Divergence from SRFI-9 syntax. The syntax of this proposal is a very small subset of R6RS. This is a divergence from SRFI-9, but was chosen for particular reasons. Namely, this syntax is much more forward compatible with possible extensions that may be defined by implementations (such as R6RS or WG2 implementations) and it is compatible with existing R6RS record definitions. There is a lot of R6RS code out there.
When choosing a syntax, either SRFI-9 or R6RS, there will be backwards compatibility issues. Those users who use R6RS will be left out if one uses SRFI-9, and those who use R6RS might leave behind those who use SRFI-9. Thus, neither syntax provides inherently better backwards compatibility than the other, since there exist many code repositories with both, sometimes intermingled. The choice to go with the R6RS syntax was made based on its cleanliness and overall elegance in comparison to SRFI-9, not the least of which is the removal of the filtering constructor.
In summary, the SRFI-9 syntax doesn't really gain us that much in backwards compatibility and makes our future compatibilities much more complex. Continuing with the SRFI-9 syntax is very likely to cause us pain in the future and make useful progress more difficult. It is better to have a single syntax framework that enables us to move forward on a single record syntax rather than encouraging implementations and working groups in the future, such as WG2, to diverge from the WG1 record system entirely.
Using the name define-disjoint-type. A major complaint to the R6RS record system was that it used the same name as the SRFI-9 system. In reference to this, I have chosen not to use the define-record-type name so that it does not conflict with either the R6RS syntax or the SRFI-9 implementations. R6RS implementations can support the new syntax by aliasing, while SRFI-9 implementations can continue providing SRFI-9 while also providing this syntax, with translations between the two being straightforward.
Use of keywords for immutability of fields.
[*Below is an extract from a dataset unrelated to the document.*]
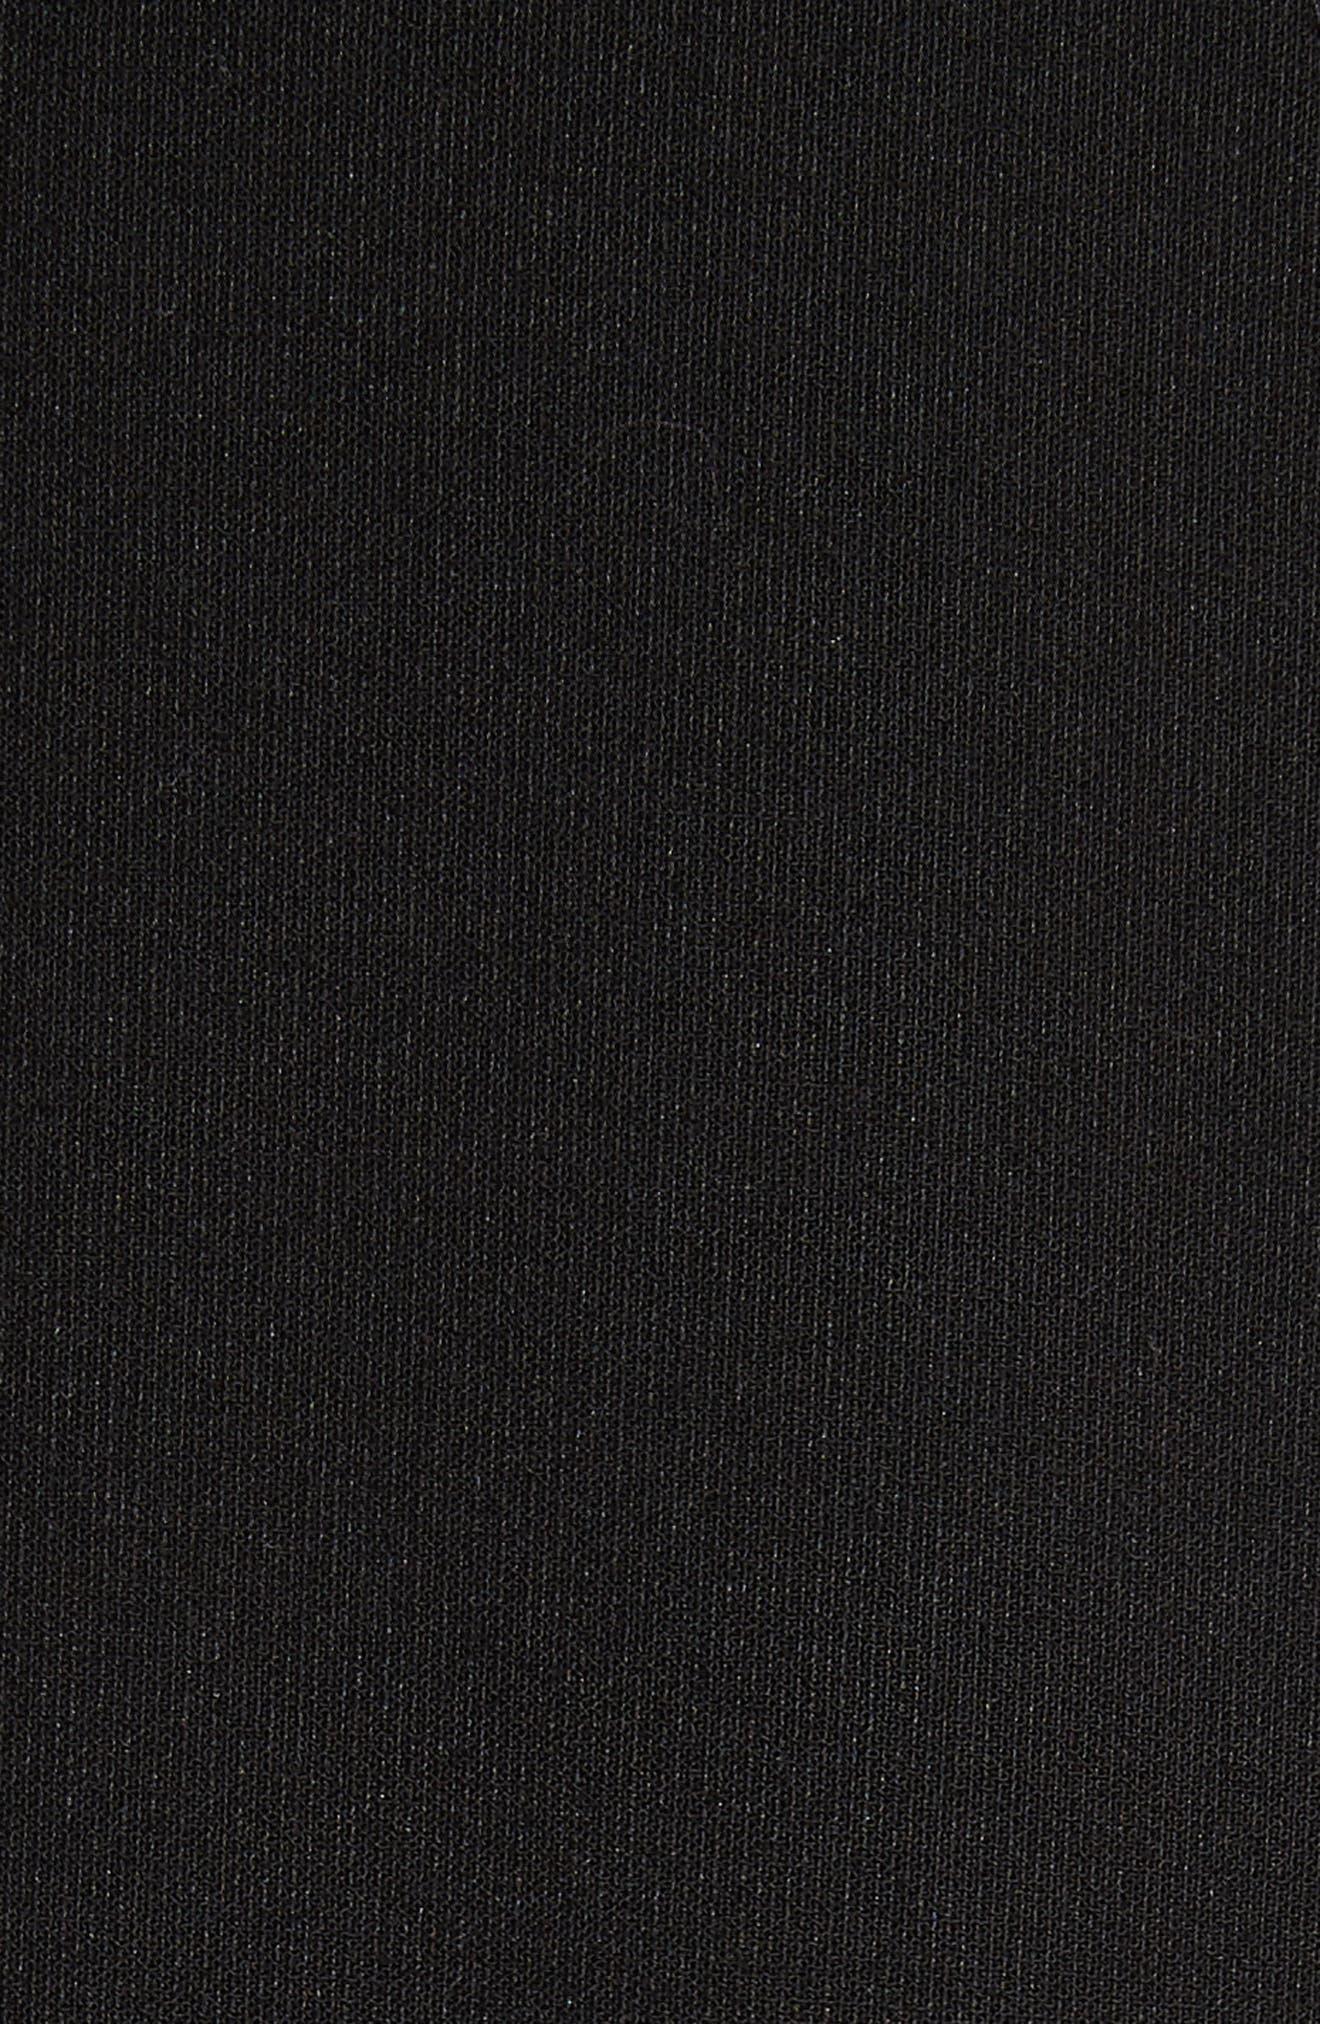 Lida Sheath Dress,                             Alternate thumbnail 5, color,                             001

The use of keywords for fields (whether or not explicitly bound) is in keeping with the R6RS and allows for extensions that improve the brevity of record specifications. These extensions, which are common in implementations, automatically construct the identifiers for accessor and mutators. The keywords provide disambiguation for these situations.
Divergence from R6RS. This proposal differs from the equivalent subset of R6RS' record functionality in one incompatible way: the keywords for mutability occur after the field names. This was done to emphasize the field names as more important. Doing so does not introduce any ambiguity in the syntax, but it will require R6RS implementations to make minor changes to adapt their existing macros.
Lack of R6RS name "construction". Many people feel that the construction of identifiers using other identifiers (something that is not possible in pure syntax-rules) is not a good thing. While I have no problem with it, and encourage this extension as an implementation extension, possibly as part of WG2, I recognize that this is something that can be done later, and there is no need to introduce such a controversial feature into the WG1 record system.
Binding of name. The binding of name is to ensure that a certain concept of record semantics common in most systems is available. Most more complete record systems will bind the name, and it is important not to let user's think that they may in fact bind name to something else with the same results. This ensures upwards compatibility with an extended record system provided by WG2.
R5RS Portable Implementation
The following is a somewhat faithful portable implementation of the above proposal in R5RS Scheme. Types fail to be disjoint against vectors but otherwise the major features of the above are provided. I also assume an error reporting mechanism and when/unless. I would actually prefer to do this all as a single macro, but it works like this. If you are willing to accept common extensions to R5RS such as internal define-syntax then you can do this as one macro quite nicely.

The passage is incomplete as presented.